Transplant medicine has made amazing progress in the last 50 years, with new research and surgical techniques saving thousands of lives worldwide. In 2017, a record number of more than 34,000 transplant surgeries were performed in the U.S. I have worked in the Transplant Center at Mayo Clinic's campus in Rochester, Minnesota, for nearly 20 years. Just during the time that I have been with Mayo, processes and procedures have changed the way we care for patients and have allowed us to perform more transplants than ever before.
In 1963, Mayo Clinic officially entered the field of transplantation with a bone marrow and kidney transplant. Today Mayo is the largest integrated transplant provider in the U.S. performing more than 2,000 transplants each year. While some innovations are still in clinical trials, some of these transplants were made possible by innovative transplant procedures, research and medical advances pioneered by Mayo Clinic. Here are just a few transplant-related innovations that have occurred in the last few years at Mayo Clinic.

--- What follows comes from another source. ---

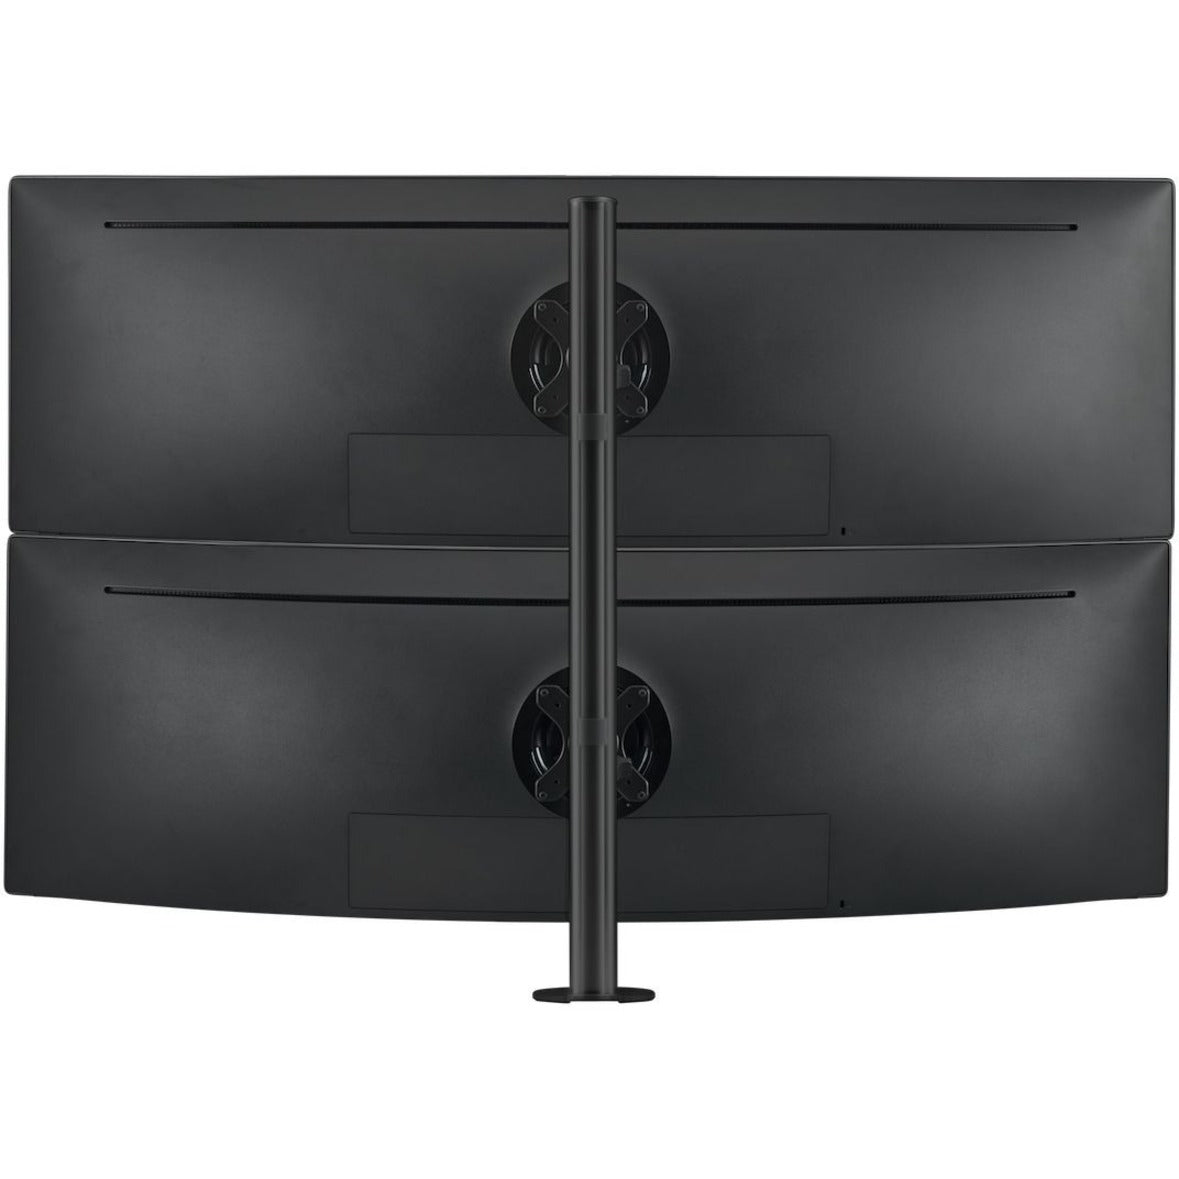 Atdec AWMS-2-LTH75-H-B Post Mounted Dual Display Stand, Adjustable, Heavy Duty, Cable Management

Dr. David Lott came to Mayo Clinic's campus in Phoenix, Arizona in 2011 on a mission – to start a laryngotracheal transplant program – the first in the U.S. Dr. Lott is embarking on a five-year clinical trial of 10 laryngotracheal transplant patients. “We have a handful of patients waiting for the trial to commence,” he says. “Mayo wants to be at the forefront of transplant medicine, and this will be the world’s first full-fledged laryngotracheal transplant program. We’re excited to change the lives of these patients.” In addition to the laryngotracheal transplant program, which will use cadaver larynges, Dr. Lott and his team are working on a bioengineered larynx program. They’ll use a patient’s own stem cells to create tissue to replace the damaged areas of the larynx and trachea. Over several weeks of special treatment, the stem cells will grow new tissue on a patient-specific scaffold made on a 3-D printer in a new cell therapy laboratory at Mayo Clinic.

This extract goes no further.